● **What the task requires**
In the entries below, begin at the line that has "Si ricorda gli" and stop after the line that has "PajamaMania Women’s Cotton"; output those lines exactly, leaving out pictures.

● **Input**
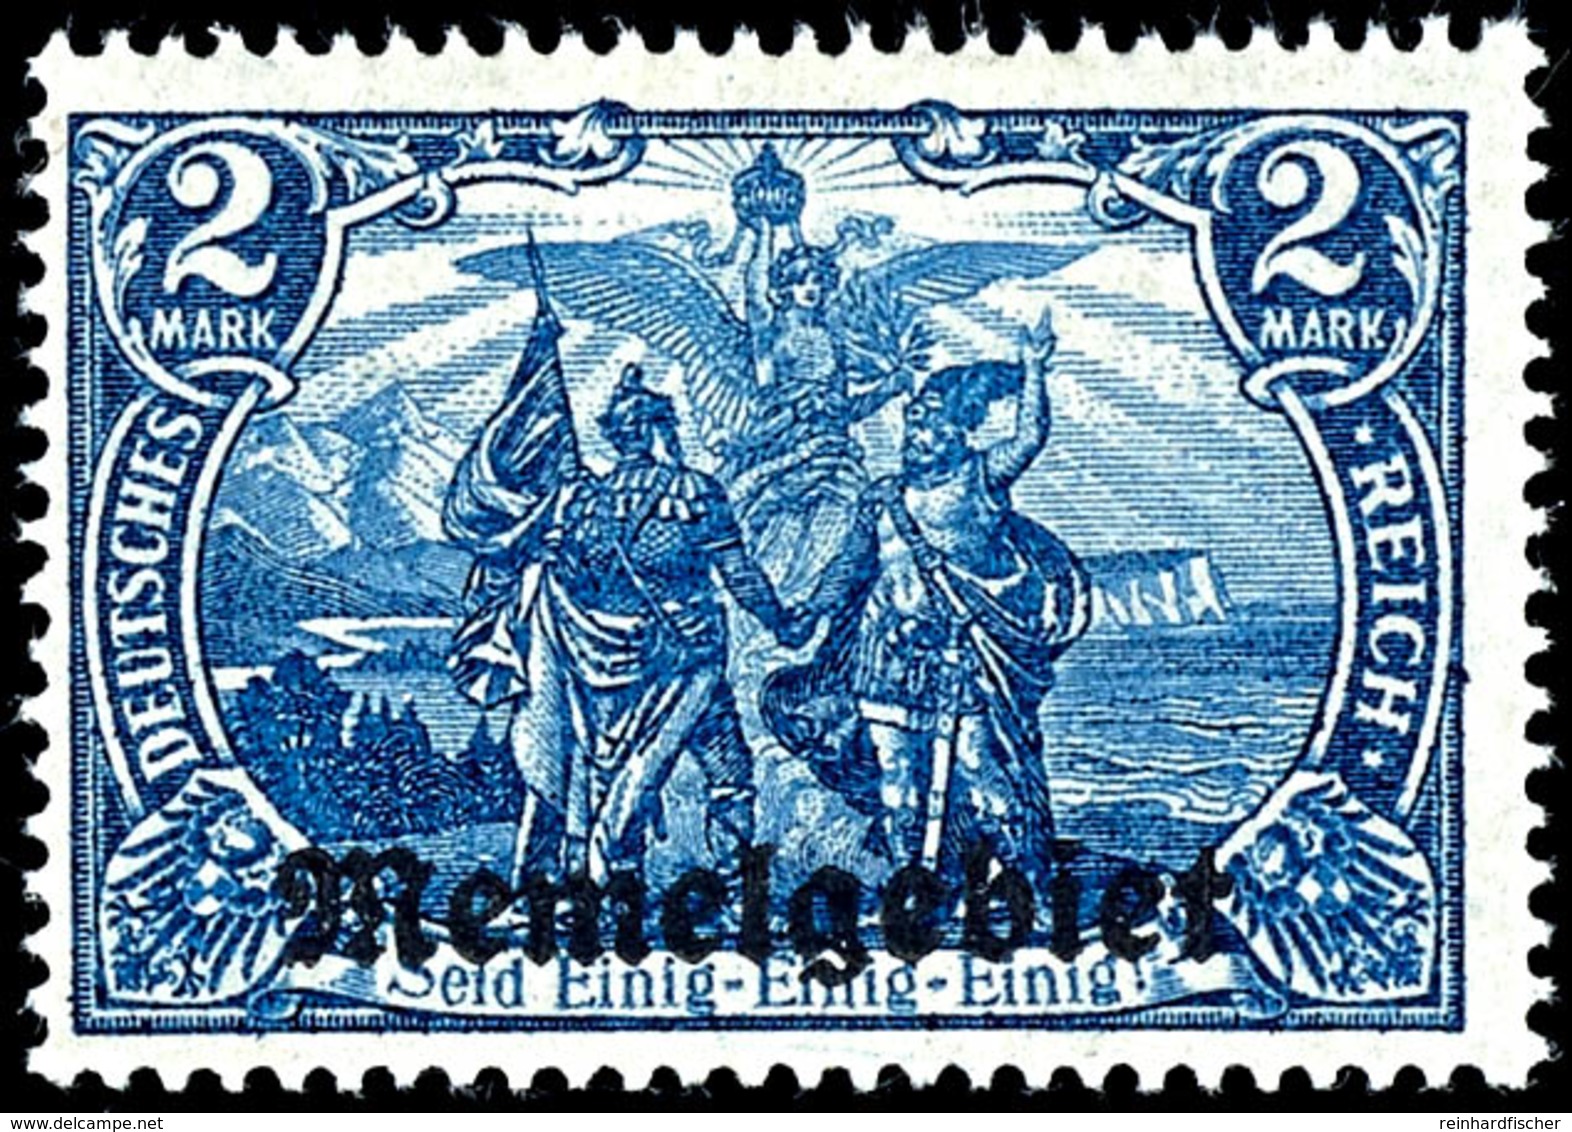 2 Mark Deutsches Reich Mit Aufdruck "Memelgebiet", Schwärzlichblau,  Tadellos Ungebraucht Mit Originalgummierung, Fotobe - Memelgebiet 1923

--

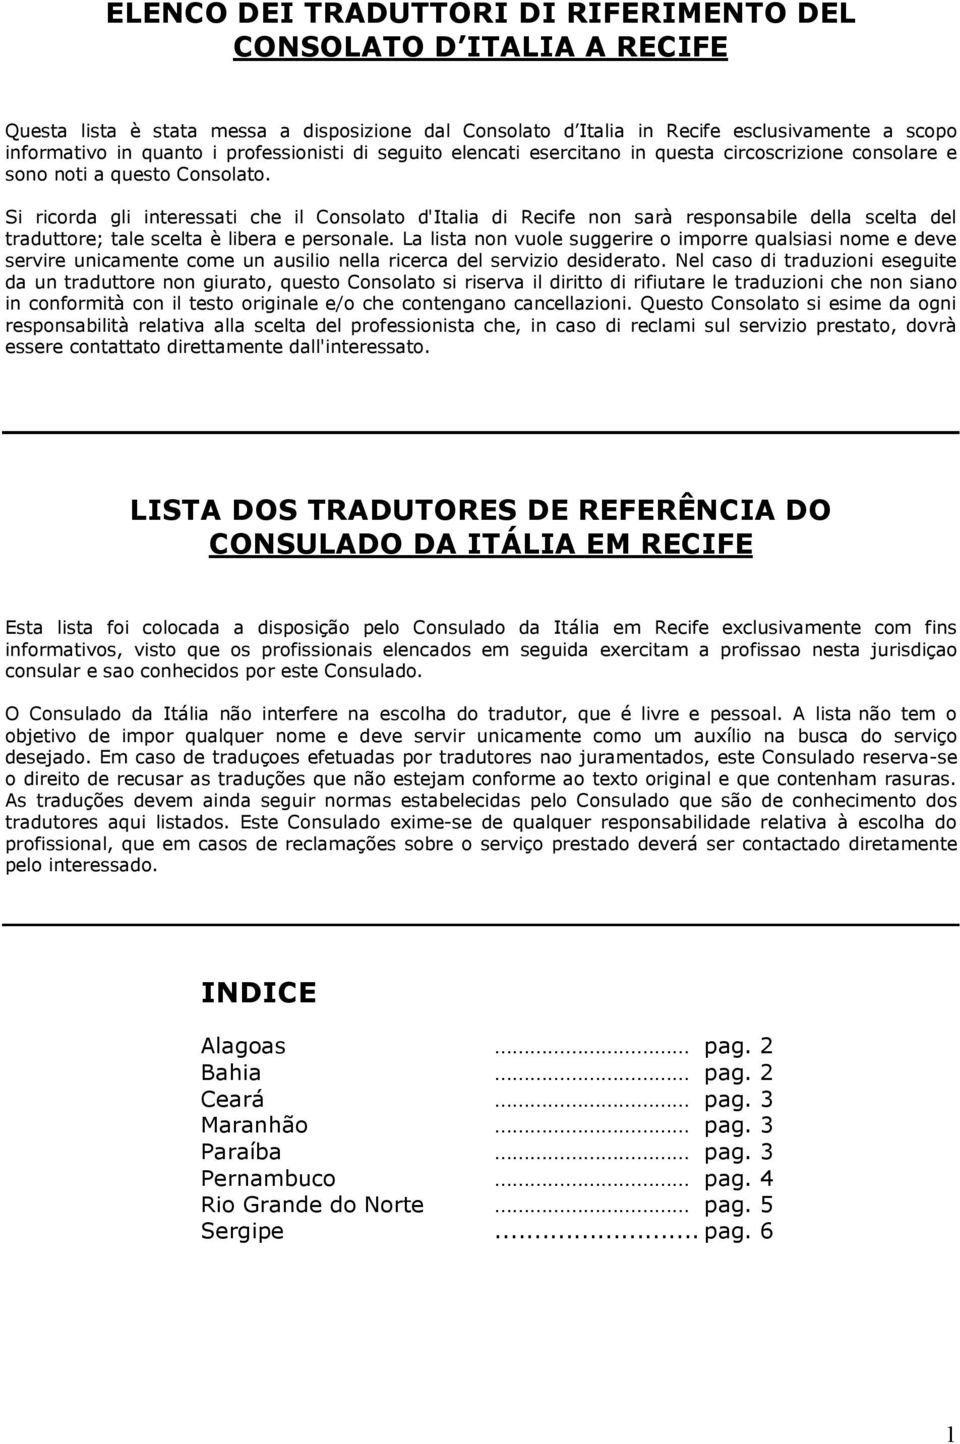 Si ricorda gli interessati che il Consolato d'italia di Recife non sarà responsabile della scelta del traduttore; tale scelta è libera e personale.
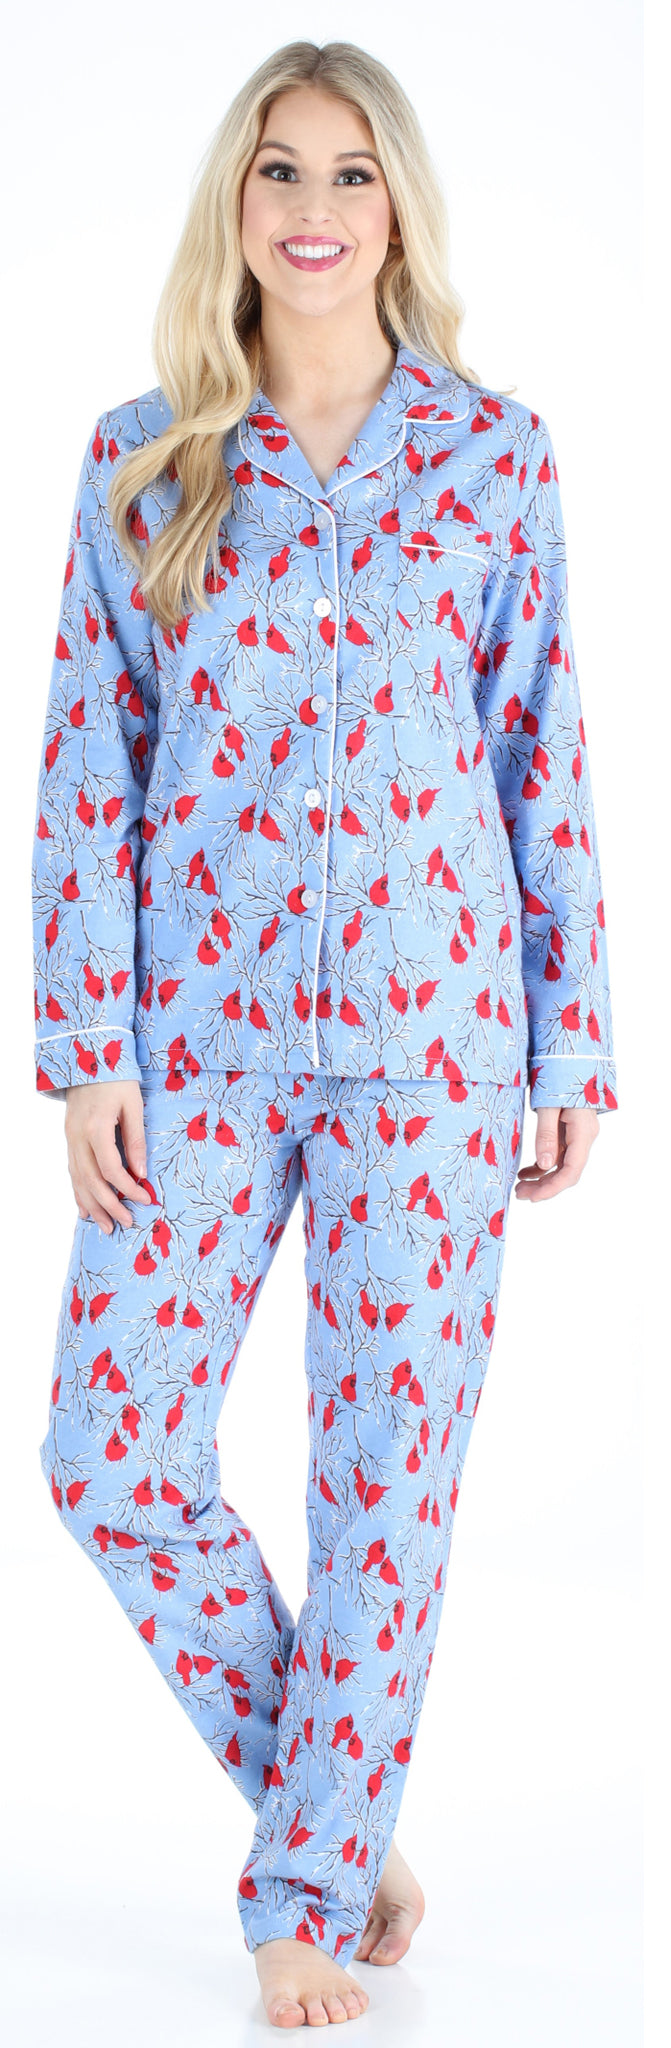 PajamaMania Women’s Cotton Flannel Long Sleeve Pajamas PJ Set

● **Result of the exercise**
 Si ricorda gli interessati che il Consolato d'italia di Recife non sarà responsabile della scelta del traduttore; tale scelta è libera e personale.
 PajamaMania Women’s Cotton Flannel Long Sleeve Pajamas PJ Set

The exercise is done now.